Step 4: Initial Prognosis (Eternal Solution) : I Rest My Case
Unlike these supposed-wise guys, Jesus glories in his dependence and mercifully works to reestablish the same for lost independents. He literally becomes the Father’s “gracious will” for sinners, including those heavy-laden, weary-wise guys to whom he yokes himself; he takes their self-inflicted, self-deserved “yokes” on himself and gets crushed in their stead. Such an exchange prompts the Father to declare: “I rest my case.” This alternate wisdom is vindicated on Easter when God raises his beloved Dependent to life, enthroning him as Lord of the Sabbath, chief rest-giver.

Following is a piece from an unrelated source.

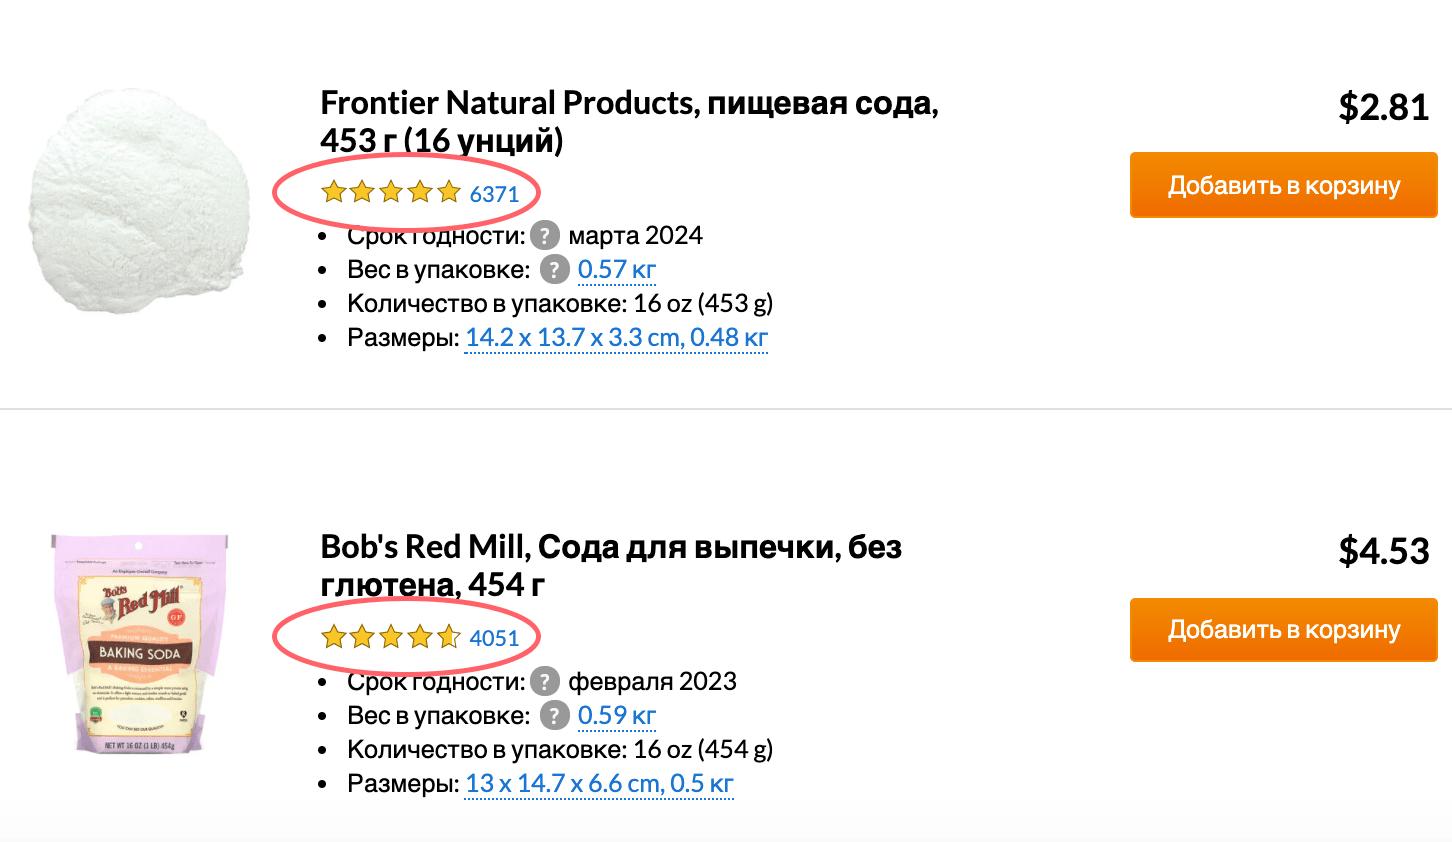 купить американскую соду

Step 5: Advanced Prognosis (Internal Solution) :  A Rest-Full System
With the greatest of gentleness and humbleness of heart (v. 29), Jesus extends his offer of Sabbath-rest to all weary and heavy burdened, even wise guys. It becomes a simple matter of taking that rest earned by Jesus in faith, and by so doing, becoming God’s dependents once again. Dependents who assume a new modus operandi, or “yoke,” which, not surprisingly, mimics Christ’s own: a yoke of mercy and forgiveness. Christ even gives a “Helper,” the holying Spirit, to help dependents learn to depend (Time for Confessing, p. 195-199).

Step 6: Final Prognosis (External Solution) : “Ah, Invigorating Rest!”
Those yoked to Jesus find themselves invigorated to truly live. Because they experience Sabbath-rest they are freed from self-absorption and have the energy to involve themselves in lightening their neighbors loads–not only by helping carry their loads, but also by reminding them about Jesus, upon whom they can depend and unload all their burdens.